Мужчина долго смотрел внимательным взглядом очень светлых, но будто бы по-змеиному пронзительных глаз. Улыбнулся, отводя взгляд, подходя ближе. Он преодолел небольшое расстояние между нами, тихо шагая высокими кожаными сапогами по скрипучим потёртым половицам. На вид ему было лет двадцать пять-шесть, но глаза как будто бы жили на этих землях вечности. В тишине присел около моей кровати, слегка улыбаясь лишь одними зрачками. Вдохнул, снова переводя на меня острый взгляд.

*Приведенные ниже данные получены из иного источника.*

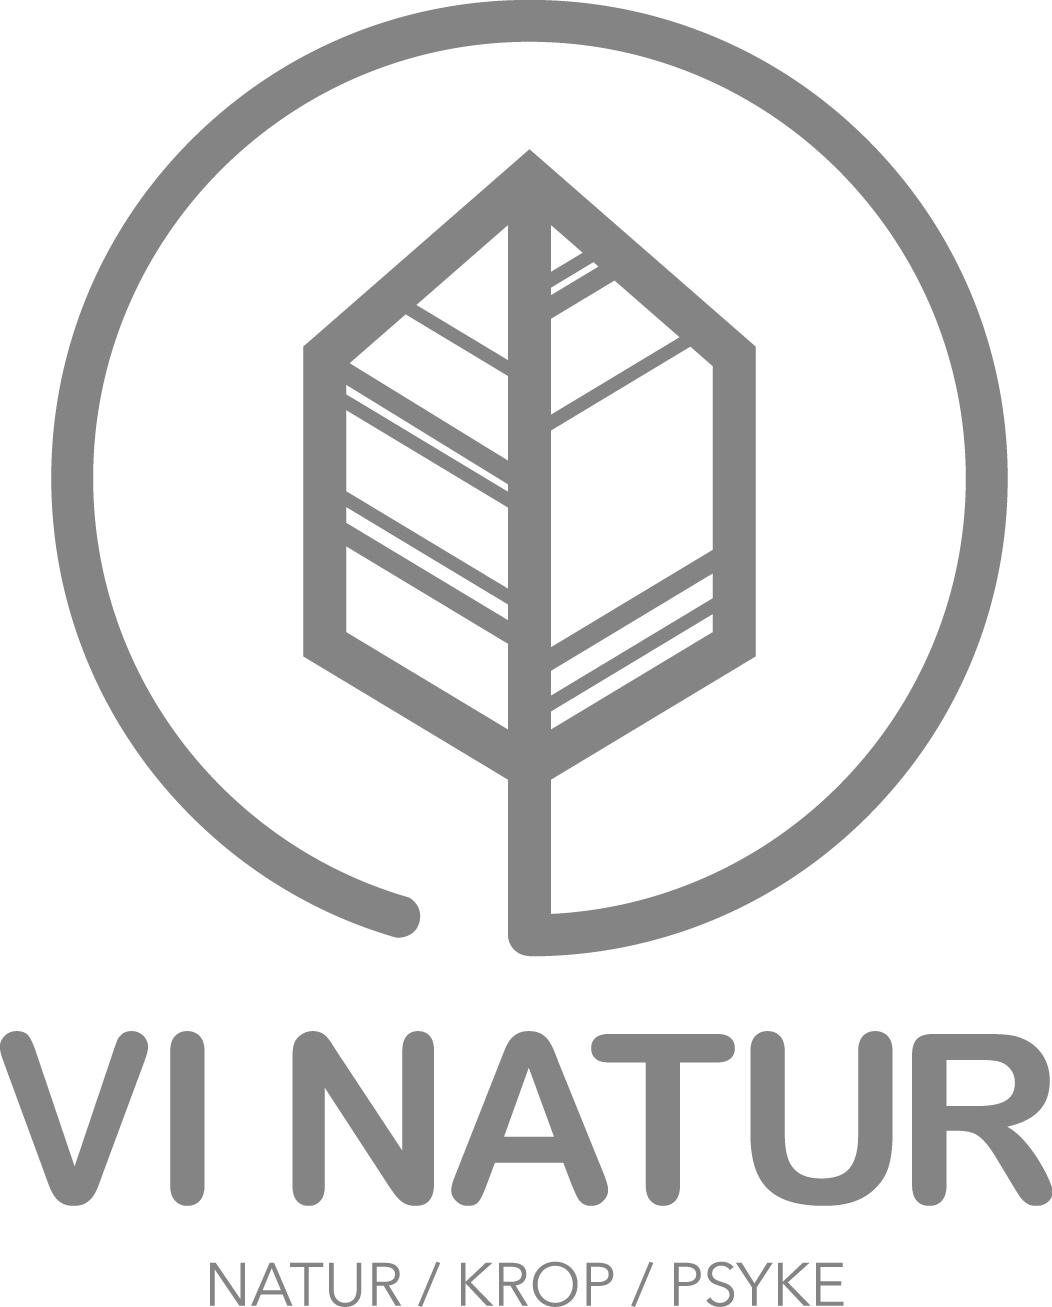 vinatur_logo_web_hvid.jpg

– Омало – это примерно 100 километров от места аварии, по горам конечно же, с одной стороны начинается Чечня, – он достаточно четко указал пальцем в направлении гор, которые где-то вдали, за окном сливались, смазывались с горизонтом, – а с другой – Дагестан. – Мужчина снова внимательно осмотрел мое лицо, как будто бы пытаясь в чем-то убедиться, – да, – он кивнул, – связь будет. Весной. Когда снега сойдут, примерно в конце мая, может в начале июня.
– Что? – я даже почти что привстала на кровати,– что значит… в конце мая?
– Омало – горный регион, – тихо ответил он, – зимуют здесь, – замялся, – не многие.
Я снова потерла лоб, в голове мешалась ярость с отчаянием, которые вот вот готовы были вырваться сквозь кончики пальцев, которыми я старательно давила на брови в попытках найти ускользающую нить логики и концентрацию.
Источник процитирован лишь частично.